Mario Szichman
“Toda la vida es una tentación
prolija”.
Libro de
Job, 7,1
Mi esposa, Laura Corbalán, que era una gran psicoanalista, además de voraz
lectora de novelas, solía decirme que los mejores narradores siempre poseen un
costado femenino. Balzac era uno de ellos. Y Proust, y Truman Capote –excepto
en el tramo final de su carrera.
Tolstoi era un machista feroz. Pero poseía un costado femenino. Nadie puede
concebir Ana Karenina, quizás la mejor protagonista de toda la narrativa
occidental, si ignora aquello que podría llamarse el corazón de la mujer.
Imagino, con cierta trepidación, la metamorfosis que hubiera sufrido Ana
Karenina en manos de buenos narradores latinoamericanos como Gabriel García
Márquez, Mario Vargas Llosa, o Juan Carlos Onetti.

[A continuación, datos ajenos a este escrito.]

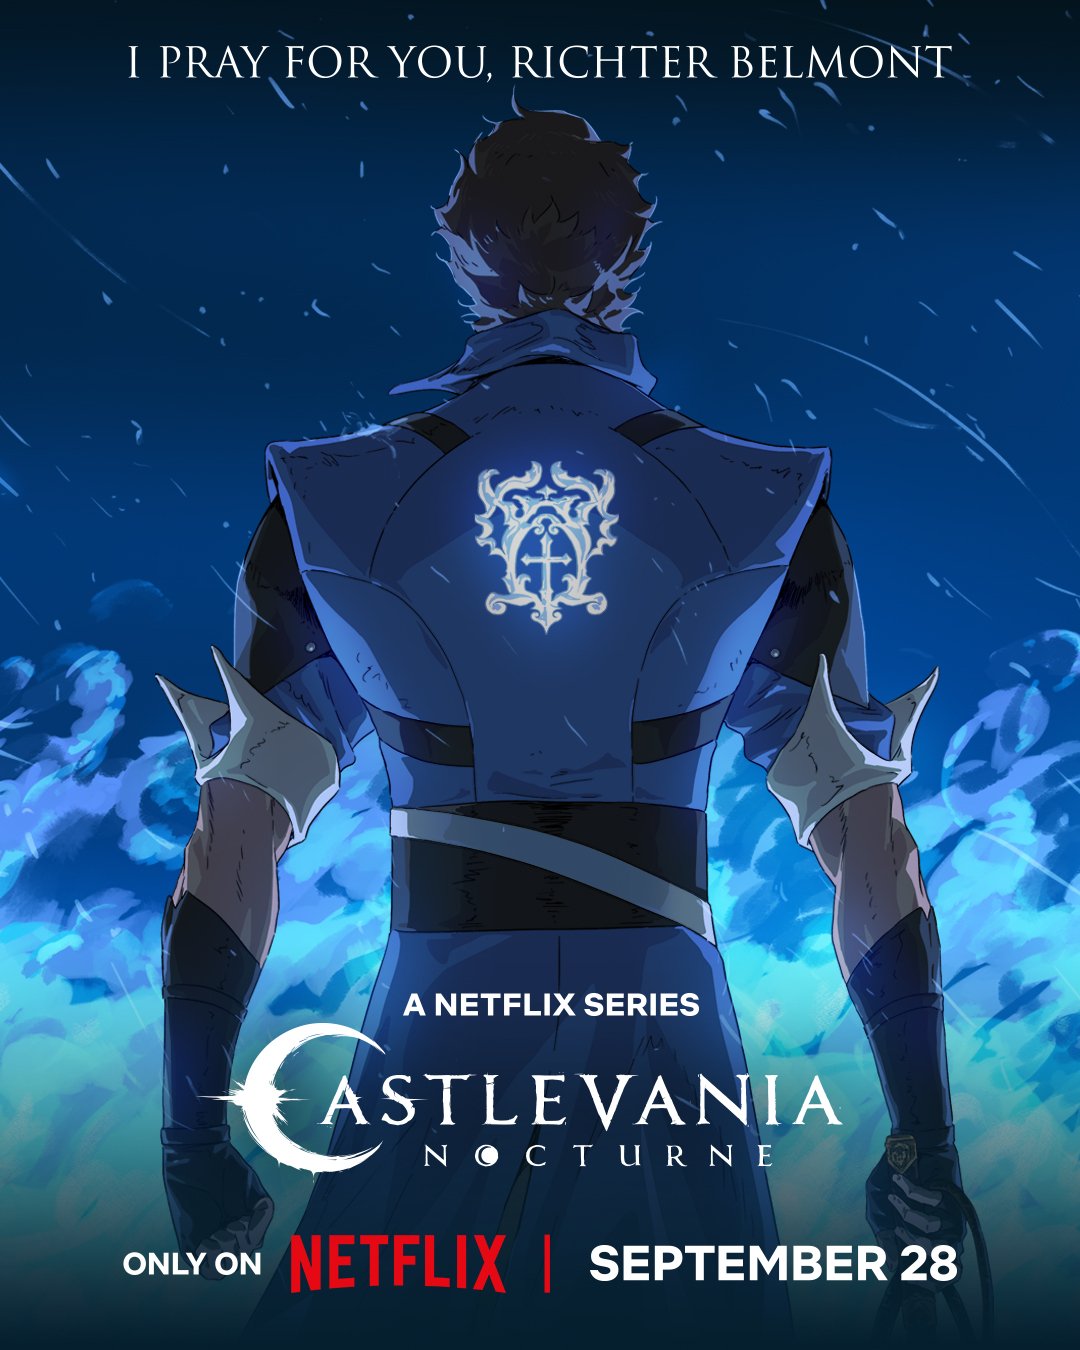 Pôster oficial de Castlevania: Noturno divulgado pela Netflix.

El machismo suele ser siempre un pésimo consejero que se extiende, en
nuestra América a diversas manifestaciones culturales. Pienso por ejemplo en el
tango, en su falta total de costado femenino. Inclusive excelentes intérpretes
femeninas deben lidiar con la incómoda tarea de repudiar su sexo, cuando
repiten sus letras más celebradas.
Algunos críticos bautizaron al tango como “el llanto de un cornudo”. Y sus
versos, algunos magníficos, especialmente los creados por Enrique Santos
Discépolo, son, por lo general, un interminable sollozo denunciando a mujeres
traidoras. La única que se salva de tanto vapuleo es la progenitora, alias “la
santa madrecita”.
El problema es que muchos tangos están escritos en lunfardo, el calé que se
hablaba en los bajos fondos bonaerenses, y muy pocos pueden descifrar sus
vituperaciones.
Un ejemplo es Mi noche triste un
tango compuesto por Samuel Castriota con letra de otra gloria del tango,
Pascual Contursi. Carlos Gardel lanzó ese tango al estrellato. Encontré la
letra en un portal noticioso donde también se anuncia el programa de idiomas The Rosetta Stone. Y realmente, se
necesita un programa de ese tipo, dedicado al lunfardo, para entender el lagrimeo
modulado por la voz de Gardel.
Esta es la
primera estrofa:
Percanta que me
amuraste en lo mejor de mi vida,
Dejándome el
alma herida y espina en el corazón,
Sabiendo que te
quería, que vos eras mi alegría
Y mi sueño
abrasador,
Para mí ya no
hay consuelo y por eso me encurdelo,
Pa olvidarme de
tu amor.
No voy a mencionar los párrafos siguientes donde se alude al cotorro, al campaneo de un retrato, que causa en el hombre engañado “ganas de
llorar”, o a la famosa “catrera que se pone cabrera cuando no nos ve a los
dos”.
Para no dejar en ascuas a los lectores, puedo informar, tras revisar un
diccionario, que “percanta” en lunfardo alude a la concubina, “especialmente si
es una mujer atractiva”. El verbo lunfardo “amurar” significa abandonar, y
“encurdelarse” es emborracharse. En cuanto a la “catrera que se pone cabrera”,
es la cama que se enfurece cuando no ve a los dos miembros de la pareja
descansando o trajinando en ella.
Cuando escribí la segunda versión de mi novela Los judíos del Mar Dulce, con la invalorable colaboración de la
profesora Carmen Virginia Carrillo, no pude resistir la tentación de incorporar
una escena en que uno de mis protagonistas, Itzik Pechof, viaja en un taxí cuyo
interior está cubierto con fotos de Gardel.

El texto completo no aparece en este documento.